I got an interesting press release today. It wasn’t explicitly related to web hosting, but it got me thinking. And, time being money, I try to spend my thinking time blogging.
The press release was from the University of Toronto, the venerable Canadian institution located just a few blocks from my house. It describes the development, by computer engineering graduate student Alex Karpenko, of a system for searching and cataloguing video data.
The system is called Tiny Videos, says the announcement. And it could be used to ensure that content on a site like YouTube is properly labeled and therefore easier to find. And here’s the particularly interesting part:
“Since the Tiny Videos system can quickly search for specific content with large video collections, it can quickly identify videos that violate copyright infringement and alert copyright holders.”
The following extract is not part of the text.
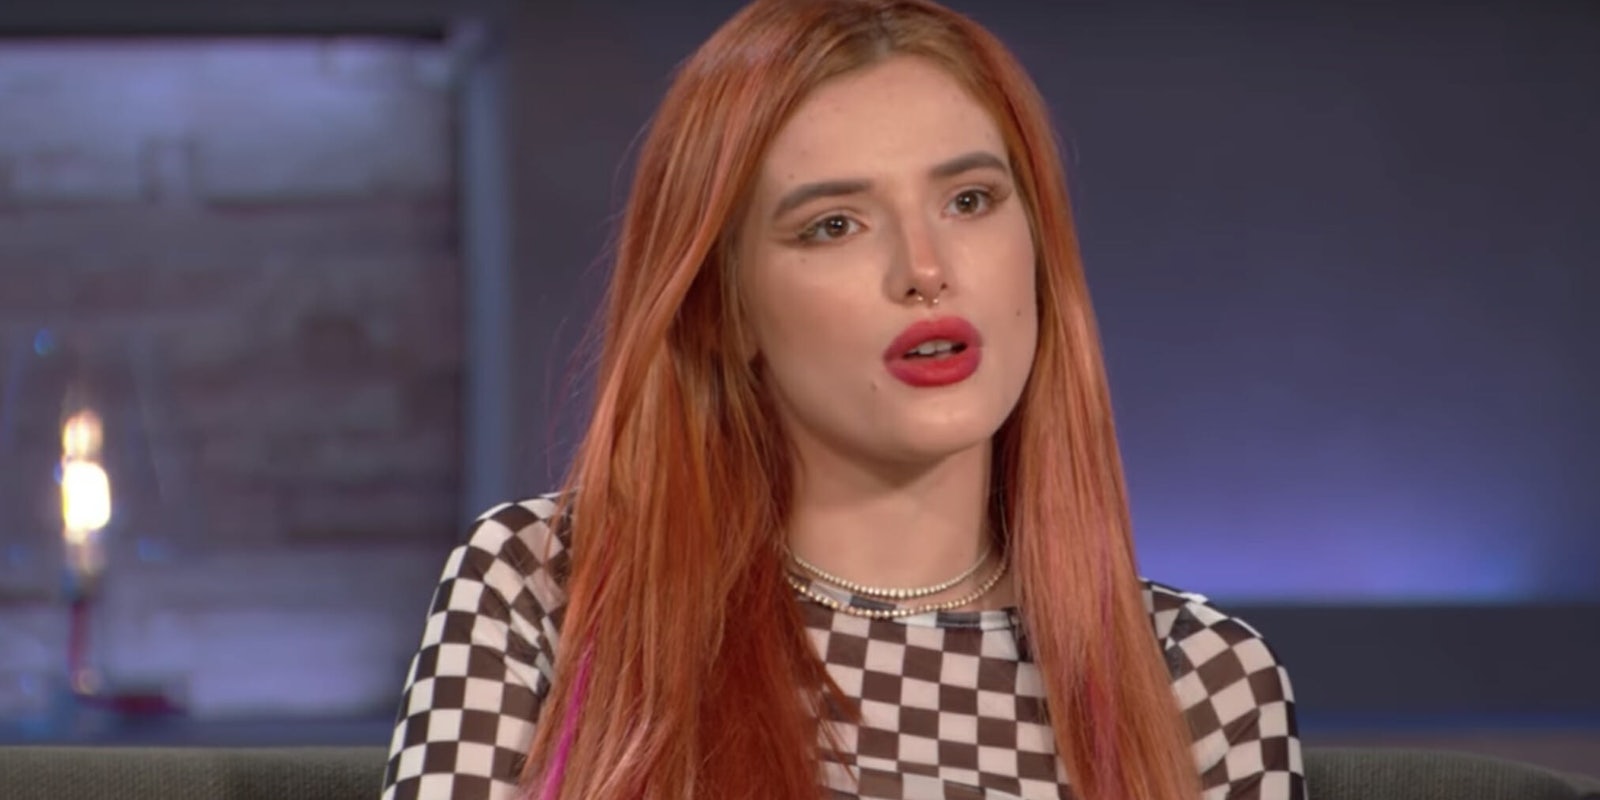 Bella Thorne said in an Instagram post that she was sexually and physically abused until she was 14.

It’s interesting when something comes along that forces an imperfect system to function more efficiently – in this case YouTube. Now, we can probably all agree that YouTube doesn’t live or die by copyrighted content. But ask any copyright-concerned organization (say, the MPAA), and they’ll more than likely tell you that YouTube has, at the very least, a “problem” with copyright infringement.
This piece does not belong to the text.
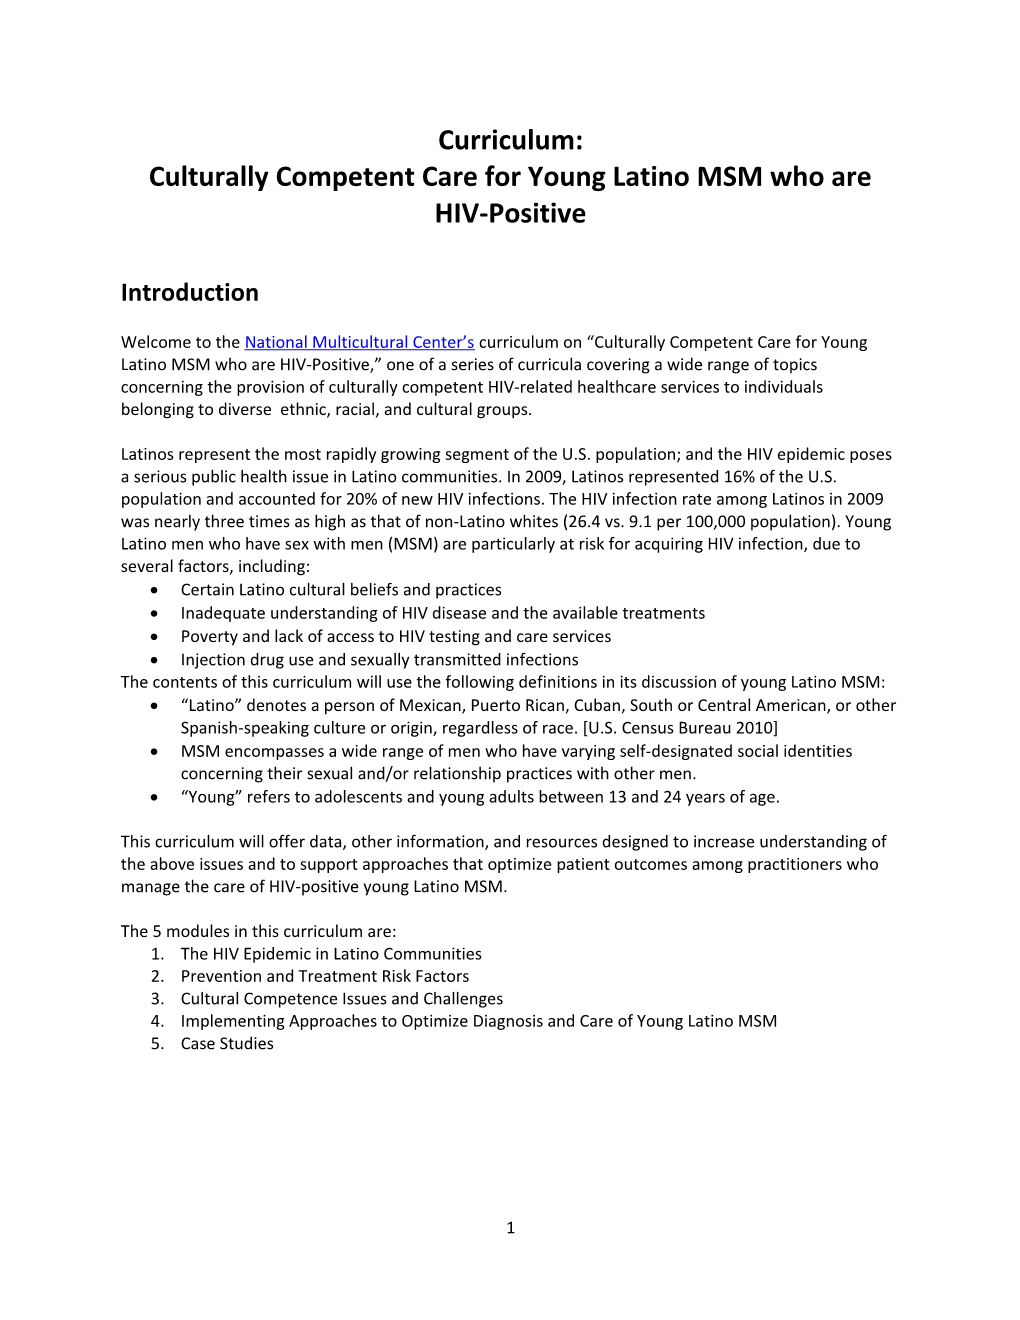 Culturally Competent Care for Young Latino MSM Who Are HIV-Positive

This, I suppose, is mostly because, like any social media site, YouTube has a kind of “post it now; sort it out later” sort of policy when it comes to user-generated content. The result of which is lots of users posting lots of copyrighted material to YouTube, all the time.
The way I understand it, YouTube’s policy is basically to pull down any clip about which it receives a relatively believable copyright infringement claim. The reason being, with so many users posting so much material all the time, it’s the only logistically reasonable way to police content. It’s not perfect (from the copyright holder point of view), but it seems to be enough to have kept YouTube safe DMCA-wise.
What I find so interesting is the possible elimination of the “this is the best we can do” argument.
The cynical side of me recognizes the benefit (in terms of pageviews and advertising revenues) of having the copyrighted material online and generating traffic while the takedown notice is still being drafted.
(Admittedly, I can’t think of a single copyright-kosher clip on YouTube I have any interest in watching. My tolerance for crying teenagers and guys getting hit in the genitals is pretty limited.)
That not-quite-a-conspiracy-theorist side perks up whenever I hear about a circumstance in which commerce comes into conflict with what you might call “principles.” Certain systems and products have “flaws” that are actually sources of revenue for somebody, if not for the company that produced the system or product.
I thought of this a few weeks ago, just before buying a $35 case for my iPhone, as I stood in the Apple store staring at the huge wall of products designed just to protect the various Apple devices from scratching. “If Apple ever did manage to make iPods scratch-proof,” I thought, “they’d be putting a lot of people out of business.”
A couple of more relevant examples:
- Back in 2005, web host AIT sued Google, claiming that by not doing enough to prevent click fraud on its advertising network, the search engine was complicit in the business of generating fake traffic. In this case, the benefit to Google would be its cut of every click.
- Last month, a few activists managed to get web host McColo’s backbone providers to cut off the company’s connection, effectively shutting down a company that was notorious for hosting equipment involved in some of the most prolific spam-generating botnets. The result of the shutdown was a temporary dip in spam volume that was reported by some filterers to be as much as 75 percent. One of the interesting implications of this story being that while cutting it off at the source appears to be a very effective way to curb spam, filtering it is where the money (and the resultant very large industry) is.
So is there a web hosting connection? I’d like to think so. I’d imagine that while McColo is an extreme example, it wasn’t the only web hosting company out there making money from customers who were using its servers to do possibly illegal things.
The fact of the matter is there’s only so much you can do to police content on your servers, particularly when we’re talking about thousands of customers. The sort of nebulous ethical question is: how many customers (and how much money) would it cost you if you were somehow able to eliminate every bit of copyrighted or illegal material off your network? And does the potential that it’s “a whole lot” have any effect on the quality of your policing?
Well, you’re not running YouTube (unless you are running YouTube, in which case, treat this paragraph as hypothetical), so that’s not a line of questioning you realistically have to answer to any time soon.
But the advancing technology evidenced by Mr. Karpenko’s press release suggests that eventually, technology is going to eliminate the ethical question from process.
That is, one day somebody’s going to hand you a piece of software that will find everything on your network that shouldn’t be there. Or they’ll hand it to the copyright holders. Either way, you won’t have to fret about starting up that “customer elimination” division after all.